Friday, April 22, 2016

Wood Turning on the Table Saw Part One

PART ONE: Inspiration, Planning, Preparation and Selection

Almost everyone assumes turning a bowl is something you do on lathes.  How about turning a bowl more than 20 inches across out of a huge slab of highly figured hardwood?  Or turning a huge bowl with pockets of rot or bark?  Now that would totally take special and expensive equipment right?  What if I told you there is a way to create massive bowls without a lathe at all?  That is what we are doing here!

Using nothing more complicated than a table saw and some scrap lumber I turn some highly figured Box Elder wood into the two pieces you see above.  Before we start lets take a moment to talk about WHY you might think of doing it this way in the first place.

To start off with I do own a lathe but it is NOWHERE near large enough to tackle a project like this.  Trying to turn something this size on my under-powered machine would be an exercise in futility, but lacking the horsepower isn't the only reason someone might shy away from lathe turning.  Maybe it is a one off creation and you don't want to make the investment.  Maybe there is something inherently unstable about the stock you want to use, something that would make a 24 inch spinning disk potentially very dangerous.  Now I am the first to admit you are exchanging one type of danger for another, but I can also see where this method might be the only way to accomplish a task.  As a "for instance" I have always wanted to make something out of the gallery of a large carpenter ant nest.  For the life of me I can't think of a single way to turn that safely on a lathe but I think it COULD be done using my method.

In this first video I am just introducing the concept and there is little to add but still a few words of advice...

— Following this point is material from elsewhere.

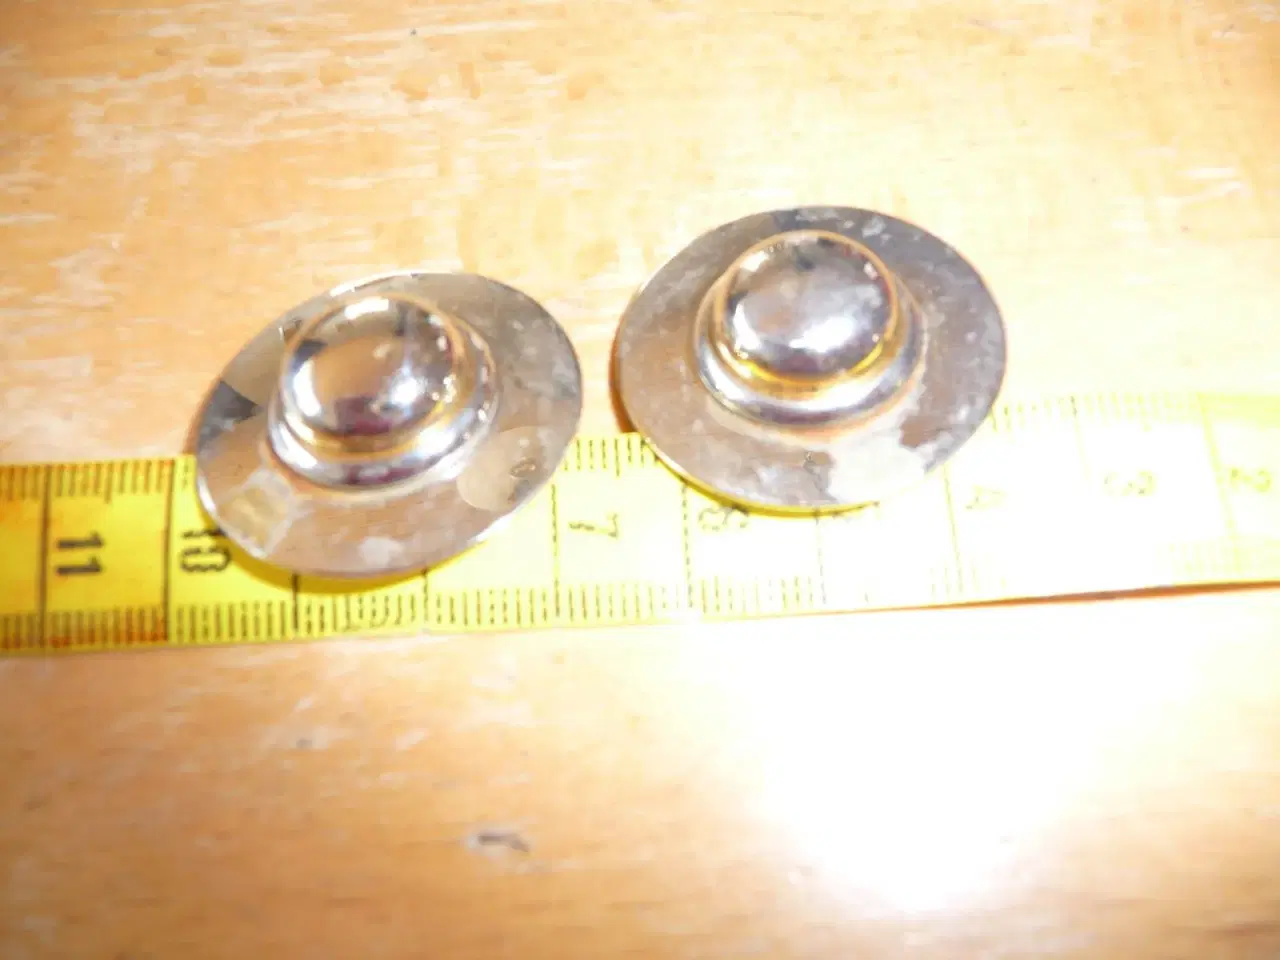 Billede 1 - 2 metal knapper der ligner en hat

Picking your stock:  Chose wood that is dry and has stabilized.  Turning wood that is still wet will be a recipe for heartbreak.  It is going to warp and twist on you making it next to impossible to progress from step to step.  Make your selection carefully and then set it aside in your work space for a long time.  Give it a chance to acclimate.  If upon inspection you find that the material has warped, twisted bowed or moved in any real way give it a little more time.  Wait for it to stop moving.

Know your tools:  This IS your responsibility.  No one is in charge of your safety but you.  Later in the series I will be doing things that, and this is important to remember, YOUR TOOLS WERE NEVER DESIGNED TO DO.  Now that isn't to say they can't or wont but it bears remembering, pushing boundaries isn't without its own set of risks.  Only you know what you are capable of doing, what your skills allow and what your tools can handle.